The Linux Perf tool provides a variety of possibilities to measure, monitor, and present performance data. It builds on top of the Linux perf_event_open system call [1] provided since 2.6.32.

To install Perf, use the linux-tools-common package on Debian based systems and perf on SuSE.

Some of the features might need special permissions to be granted to users. This can be done by tweaking the pseudo file /proc/sys/kernel/perf_event_paranoid. According to the perf help text (Linux 4.18) the contents of this file can have the following properties with the respective meanings.

  • -1 : Allow use of (almost) all events by all users. Ignore mlock limit after perf_event_mlock_kb without CAP_IPC_LOCK
  • >=0 : Disallow ftrace function tracepoint by users without CAP_SYS_ADMIN. Disallow raw tracepoint access by users without CAP_SYS_ADMIN
  • >= 1 : Disallow CPU event access by users without CAP_SYS_ADMIN
  • >= 2 : Disallow kernel profiling by users without CAP_SYS_ADMIN

Introduction

In this section, some basics are described.

Hardware Performance Monitoring Counters (PMCs)

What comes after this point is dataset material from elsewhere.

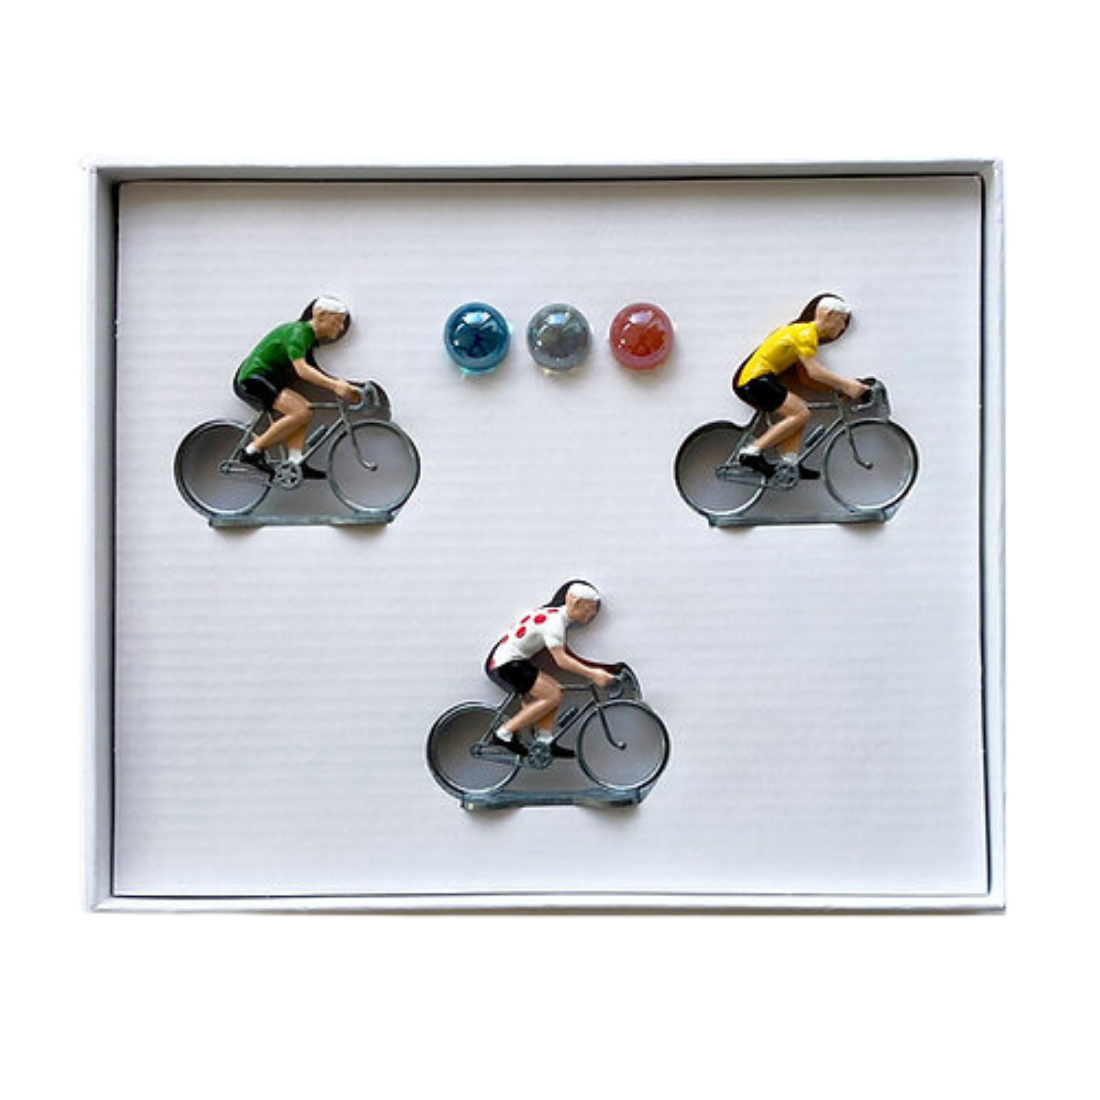 Billede af Bernard & Eddy Little Cyclist World Tour Spil 3 cykelryttere + 3 glaskugler

Hardware PMCs are small extensions of processors, which usually consist of a set of at least two registers. In one register, the software (operating system) specifies a processor internal event that shall be counted and provides measures to control start and stop the measurement and other control features. The second register increments each time the event occurs. In addition, the operating system can set-up a threshold after which the PMCs will generate an interrupt. For example, an interrupt shall be generated for each 1 million instructions, or 300,000 cache misses. This will be used for multiple purposes.

Available Events

Use the perf list command to list available events. These can be distinguished in multiple types. (The availability of the events depends on the kernel version and the permissions.


Hardware Events

A small list of Hardware Performance Monitoring Counter events. This set was defined as Architectural performance events (Intel Manual 3, Section 19.1 [2] ) by Intel at some point. While these seem to be more-or-less valid on Intel platforms, they are not necessarily reliable on AMD. For example, some Linux versions counted Level-1-Instruction-Cache-Misses as cache-misses, while Intel usually uses them for Last-Level cache misses. Use them carefully, since the Linux developers (mostly those of the processor vendor) will specify the underlying events.

Software Events

Software events are not counted via Hardware PMCs, but are generated, monitored, and handled by the operating system.

Hardware Cache Events

These events relate to processor events for different caches, TLBs, and branch prediction. As for Hardware Events, these have to be specified by kernel developers. Some of the events might not be available on the system. For example if there is no Hardware PMC event theat relates to a given Hardware Cache Event.

Kernel PMU Events

In addition to Hardware PMCs, which are provided per hardware thread, other components of the processor (or devices) can provide their own performance monitoring counters. This can relate to incremental registers, like RAPL, TSC, MPERF, APERF, uncore components, or iGPUs.

Raw Events

You can specify hardware PMC events also by their actual ID. Refer to the processor manual to find the ID for the event that you want to monitor. Usually, the Umask is defined in Bits 8-15 and the event is specified in Bits 0-7. For the event LD_BLOCKS.STORE_FORWARD on 4th Generation Intel Core Processors, the umask and event are 0x02 and 0x03, respectively (Intel Manual 3, Table 19-7 [3] ). Hence, the raw event encoding would be r302.


Tracepoint Events

In addition to increasing counters, the kernel is instrumented, whioch provides you with the possibility to grap any specified event within the kernel. Most of these also provide access to some arguments, which are highly event-specific. For a definition of these events, check your tracefs mountpoint, usually under /sys/kernel/debug/tracing.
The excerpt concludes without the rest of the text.